▸ Task requirements: Copy the listing exactly, please, and keep every picture out of it.

▸ The data:
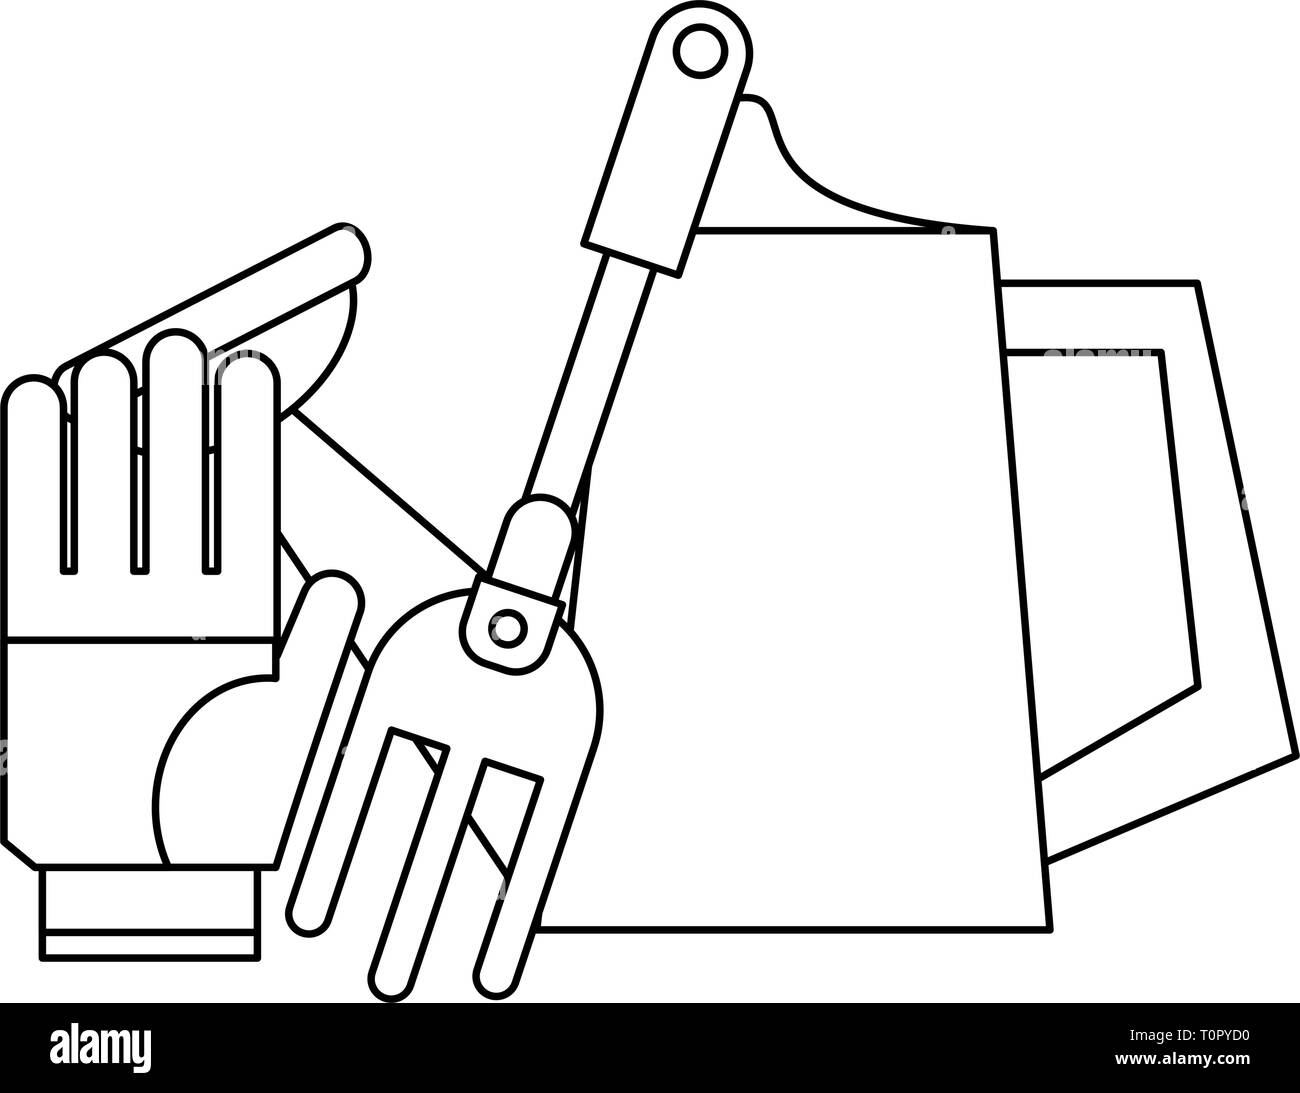 Gardening tools concept in black and white Stock Vector
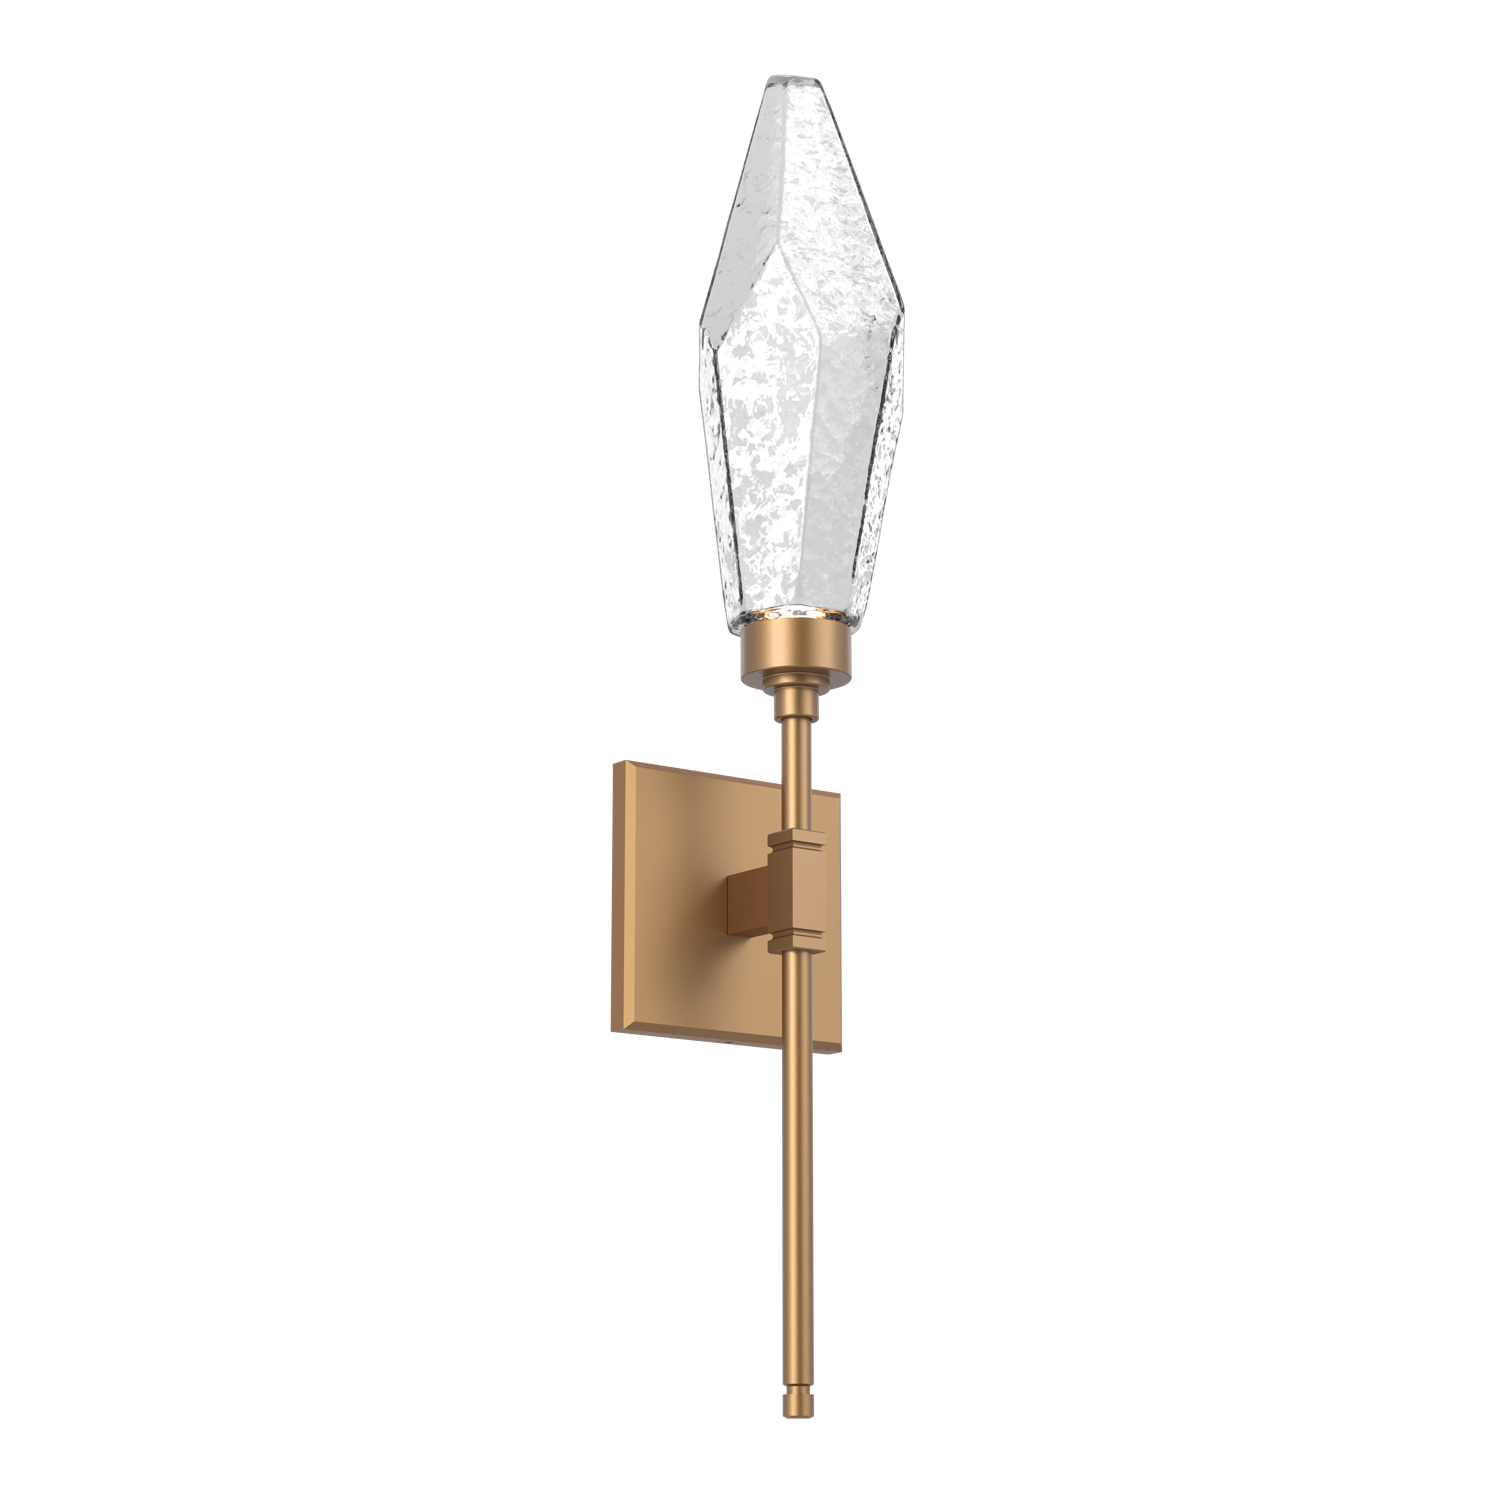 IDB0050-04-NB-CC-Hammerton-Studio-Rock-Crystal-ada-certified-belvedere-wall-sconce-with-novel-brass-finish-and-clear-glass-shades-and-LED-lamping
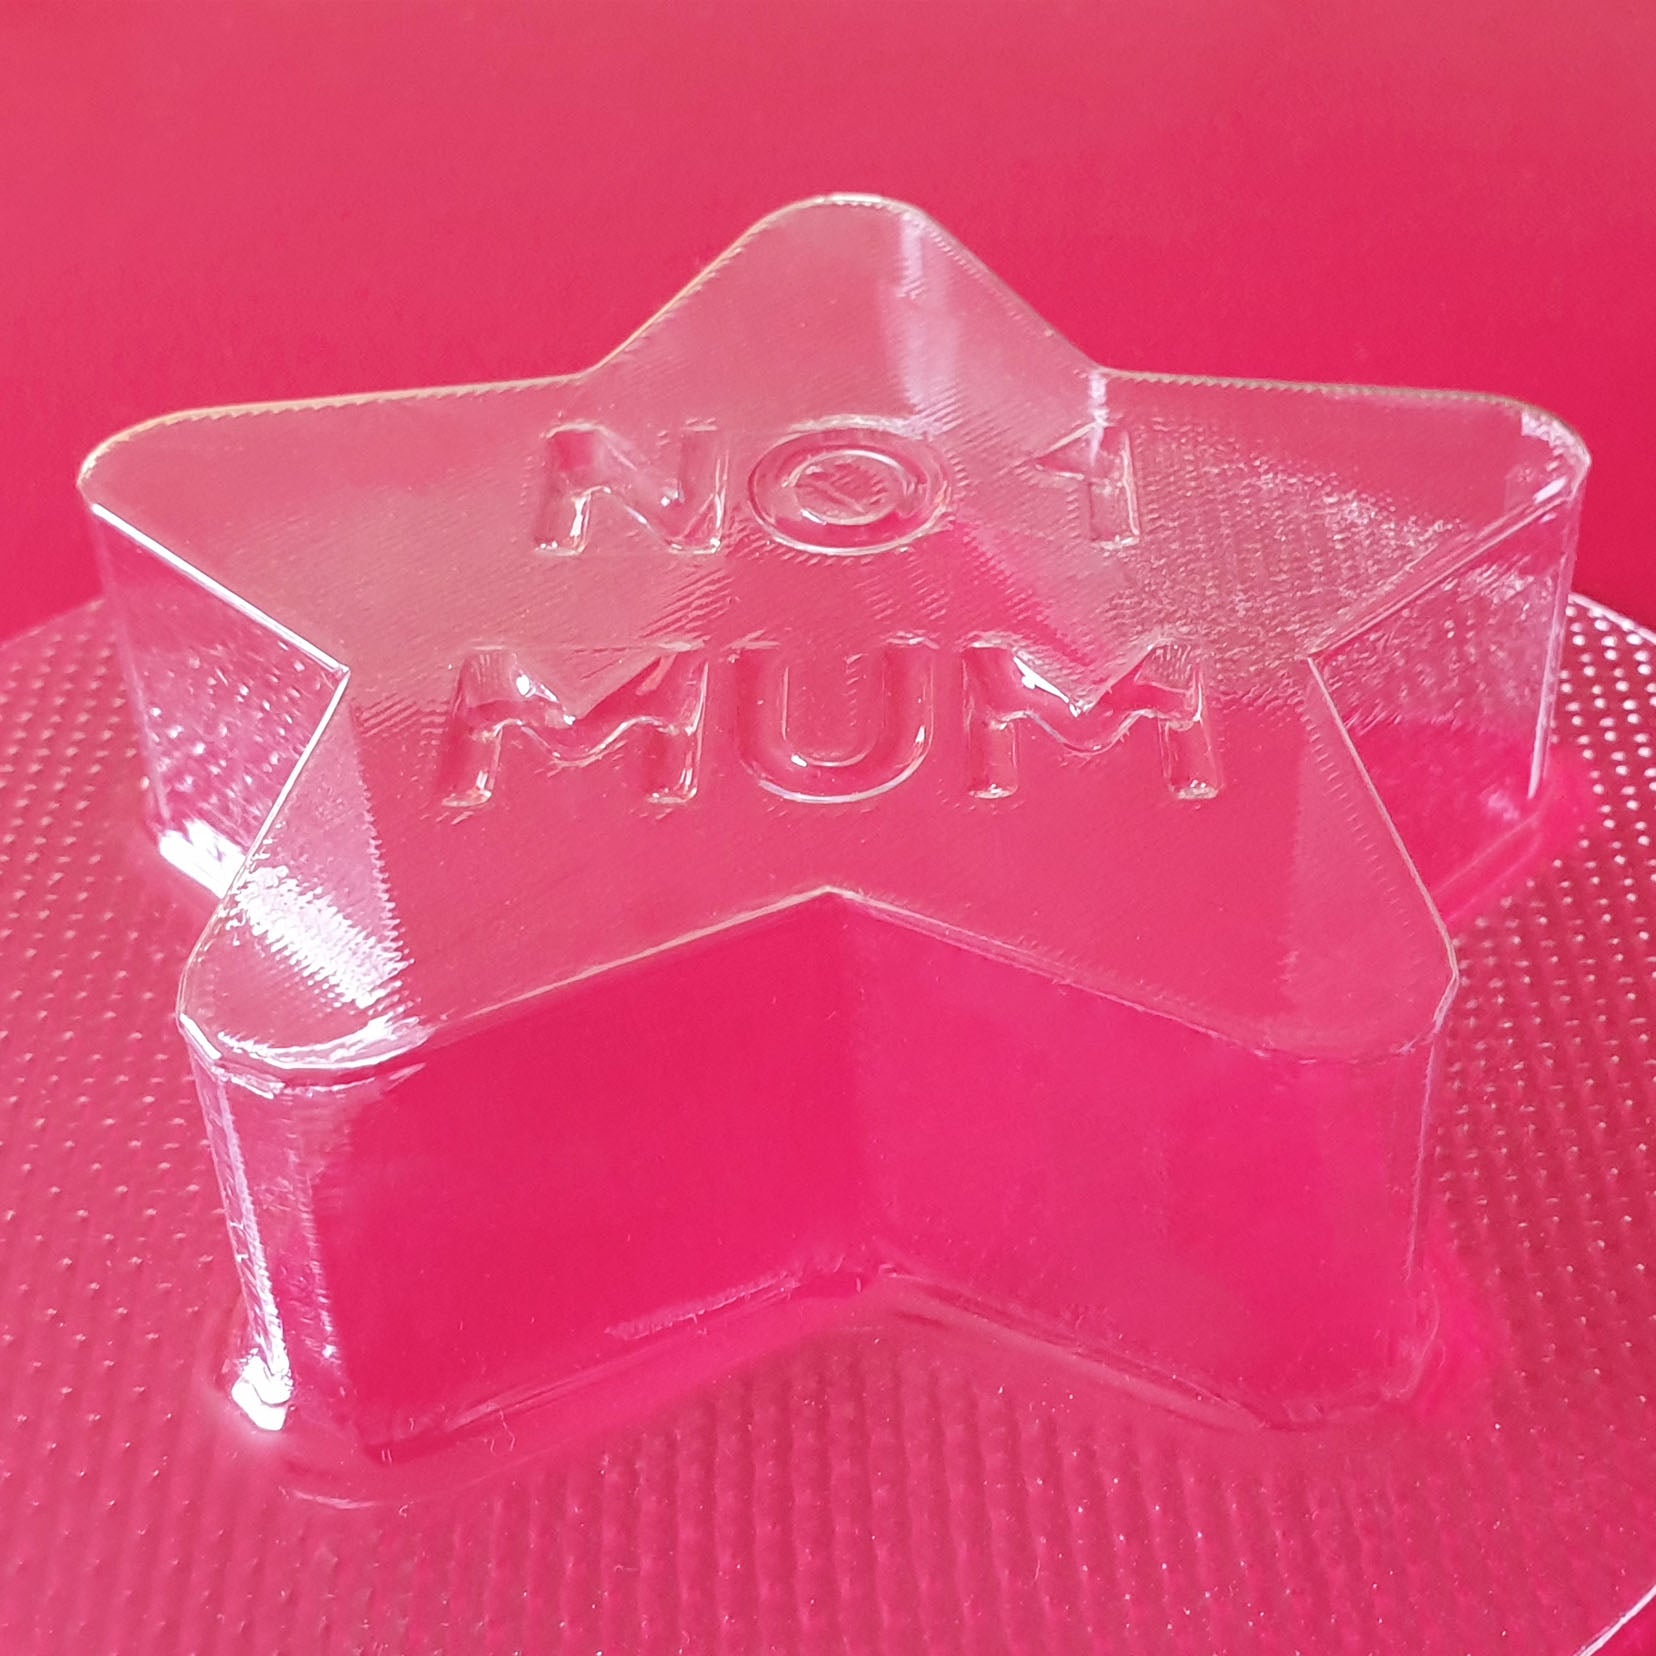 No1 Mum Star Mould | Truly Personal | Bath Bomb, Soap, Resin, Chocolate, Jelly, Wax Melts Mold
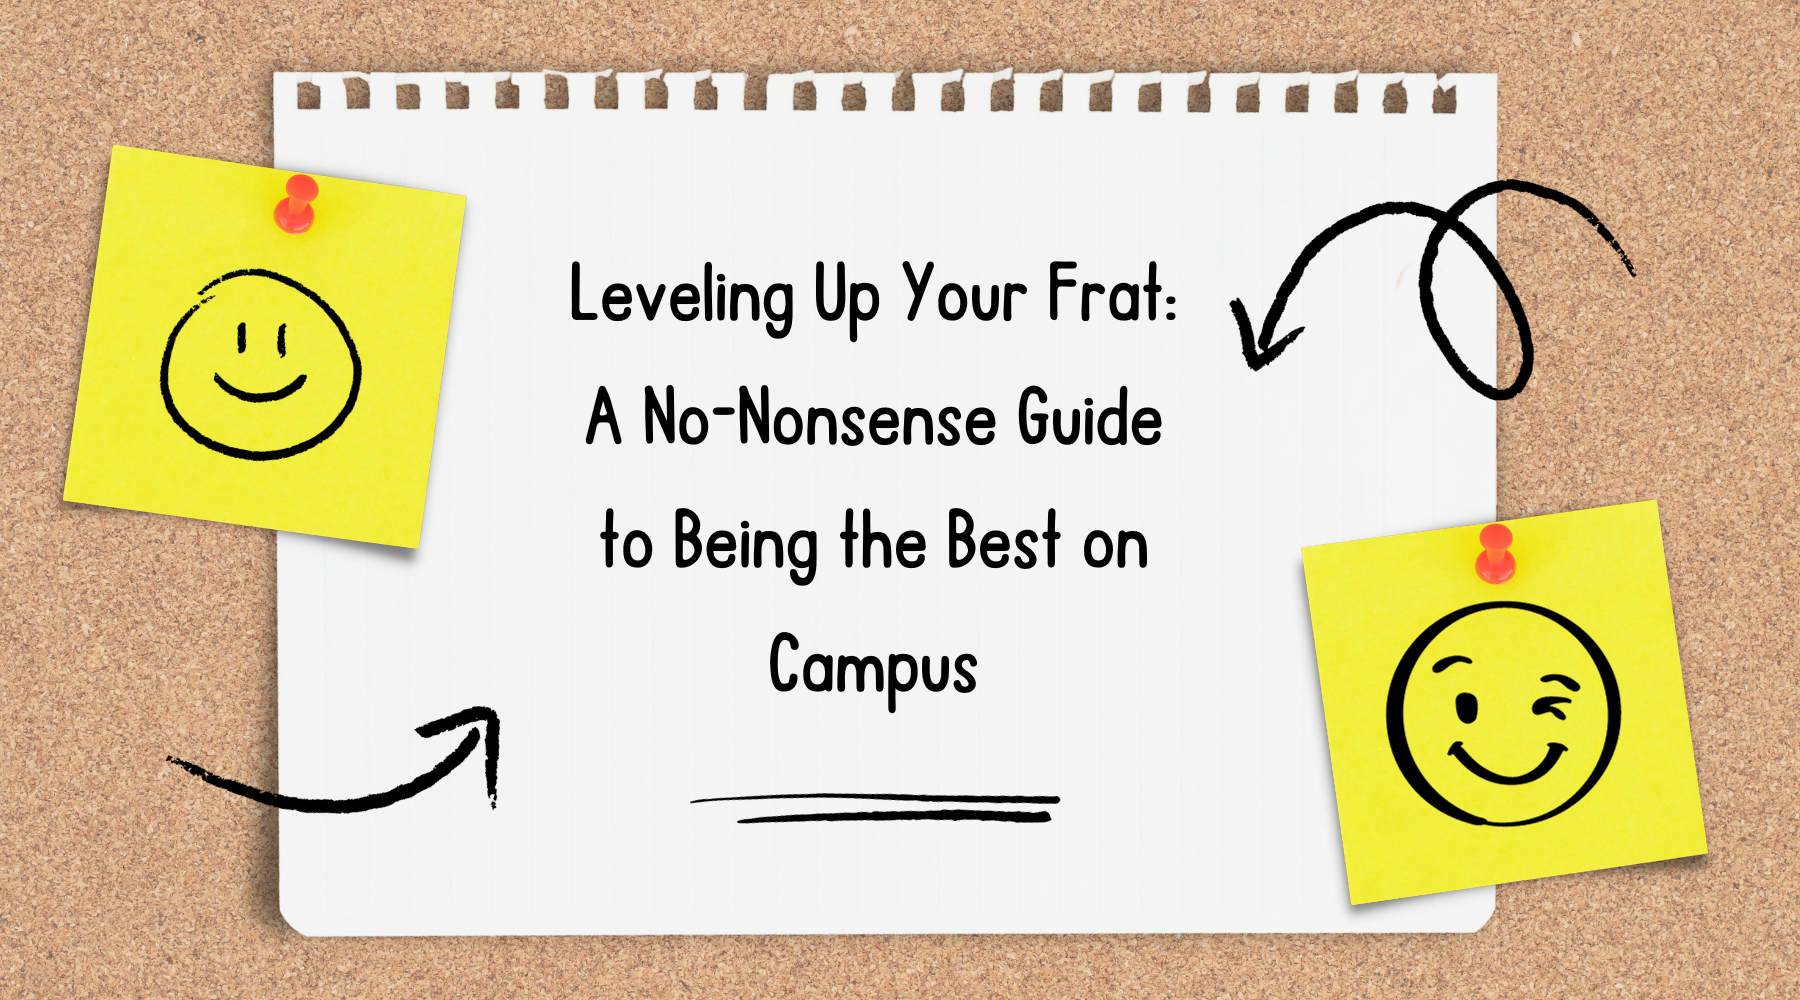 Leveling Up Your Frat: A No-Nonsense Guide to Being the Best on Campus
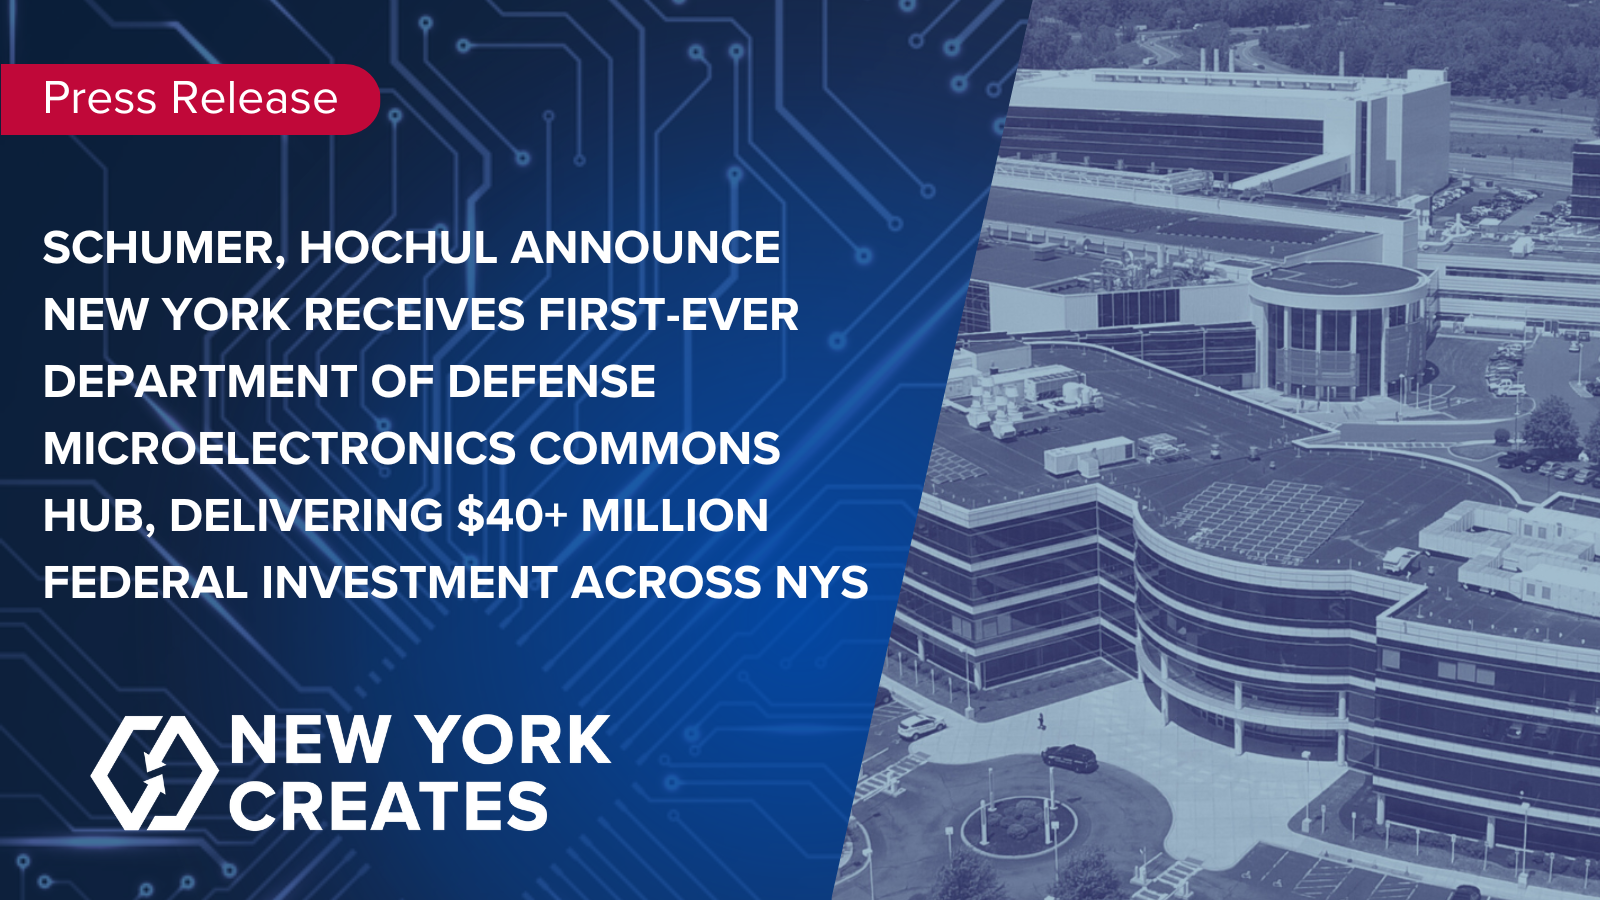 SCHUMER, HOCHUL ANNOUNCE NEW YORK RECEIVES FIRST-EVER DEPARTMENT OF DEFENSE MICROELECTRONICS COMMONS HUB, DELIVERING $40 MILLION FEDERAL INVESTMENT

▸ Reply to the task:
 Gardening tools concept in black and white Stock Vector
 IDB0050-04-NB-CC-Hammerton-Studio-Rock-Crystal-ada-certified-belvedere-wall-sconce-with-novel-brass-finish-and-clear-glass-shades-and-LED-lamping
 No1 Mum Star Mould | Truly Personal | Bath Bomb, Soap, Resin, Chocolate, Jelly, Wax Melts Mold
 Leveling Up Your Frat: A No-Nonsense Guide to Being the Best on Campus
 SCHUMER, HOCHUL ANNOUNCE NEW YORK RECEIVES FIRST-EVER DEPARTMENT OF DEFENSE MICROELECTRONICS COMMONS HUB, DELIVERING $40 MILLION FEDERAL INVESTMENT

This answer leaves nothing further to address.